FIG. 1 is a block diagram showing a functional configuration of a control device for a gas warm air heater according to an embodiment of the present invention, and FIG. 2 is a perspective view showing a front surface of the gas warm air heater according to this embodiment, and FIG. Is a perspective view showing the rear surface of the gas hot air heater of the present embodiment, FIG. 4 is a configuration diagram showing a schematic structure of the gas hot air heater of the present embodiment, and FIG. 5 is a closed state of the louver of the present embodiment. 6 is a partial front view of the gas warm air heater, FIG. 6 is a partial front view of the gas warm air heater showing the open state of the louver of this embodiment, and FIG. 7 is a half open state of the louver of this embodiment. FIG. 8 is a partial cross-sectional view of the gas warm air heater, FIG. 8 is a characteristic diagram showing the determining characteristics of the heating capacity in the capacity determining unit of the control device of this embodiment, and FIG. Characteristic diagram showing membership functions of fuzzy variables related to duration, Fig. 10 shows fan fuzzy control FIG. 11 is a characteristic diagram showing the rules, FIG. 11 is a characteristic diagram showing the membership function of the manipulated variable of the fan current as the output by the fan fuzzy control rule, and FIG. 12 is the fan as the inference result by the fan fuzzy control rule of the present embodiment. FIG. 13 is a characteristic diagram showing the manipulated variable of the electric current, FIG. 13 is a characteristic diagram showing the louver fuzzy control rule, FIG. 14 is a characteristic diagram showing the membership function of the driving amount of the louver as an output by the louver fuzzy control rule, FIG. FIG. 9 is a characteristic diagram showing a driving amount of a louver as an inference result by the louver fuzzy control rule of the present embodiment. In the figure, 1 ... Gas warm air heater (heater), 3 ... Indoor air inlet, 5 ... Warm air outlet, 7 ... Convection duct (casing), 8 ... Convection fan (blower), 9 ... Louver, 10 ... Burner (heating source), 23 ... Thermistor (temperature detection means), 26 ... Setting switch (temperature setting means), 34
...... Fan control section (blower control means), 35 …… louver control section (louver control means).

Claims (3)

[Claims] 1. A blower and a heating source are arranged in a casing having an indoor air intake and a hot air outlet, and based on a target temperature by a temperature setting means and an indoor temperature detected by a temperature detecting means.
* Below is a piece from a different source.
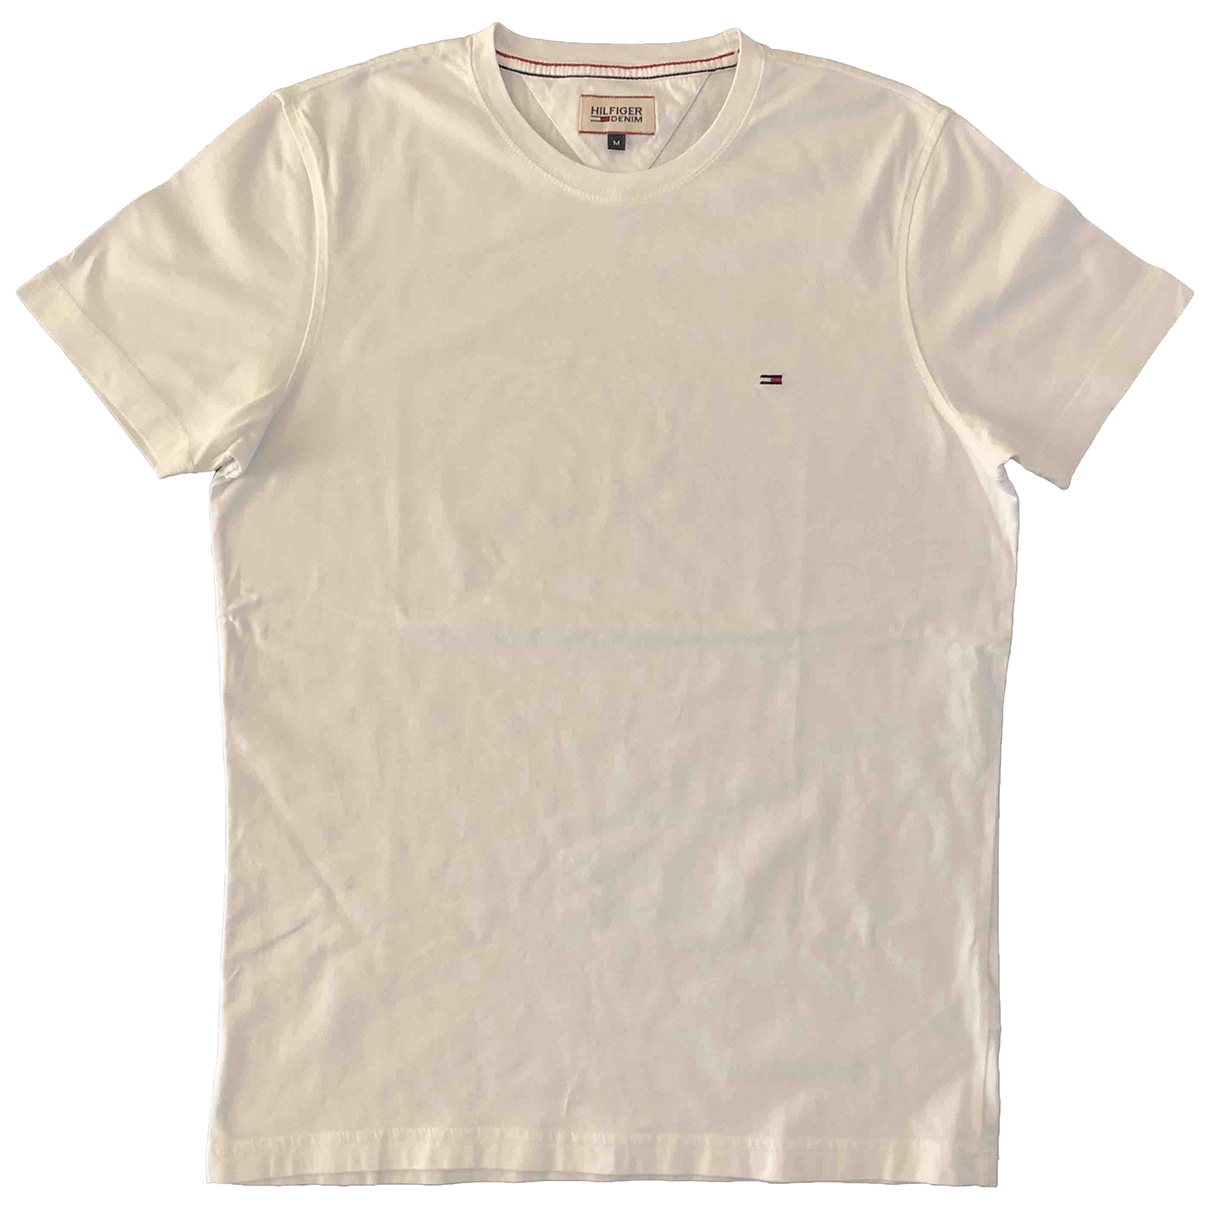 Tommy Hilfiger \N White Cotton T-shirts for Men M International

In a warm air heater controlling each of the heating source and the blower, a louver for changing the direction of the warm air blown forward from the warm air outlet at least at the front lower side when the heating source is operated, According to the indoor temperature detected by the temperature detection means, the lower the indoor temperature is, the direction of the warm air blown forward from the hot air outlet becomes lower front, and the operation duration of the heating source. In accordance with the above, the louver control means for controlling the louver so that the direction of the warm air blown forward from the hot air blowout port becomes lower forward as the operation duration time becomes shorter. Warm-air heating machine for. 2. The warm air according to claim 1, wherein the louver control means controls the louver according to a fuzzy control rule based on a fuzzy variable relating to the room temperature and a fuzzy variable relating to the operation duration time. heater. 3. A blower control means for controlling the blower according to a fuzzy control rule based on a fuzzy variable relating to the room temperature and a fuzzy variable relating to the operation duration time. The hot air heater according to any one of 1.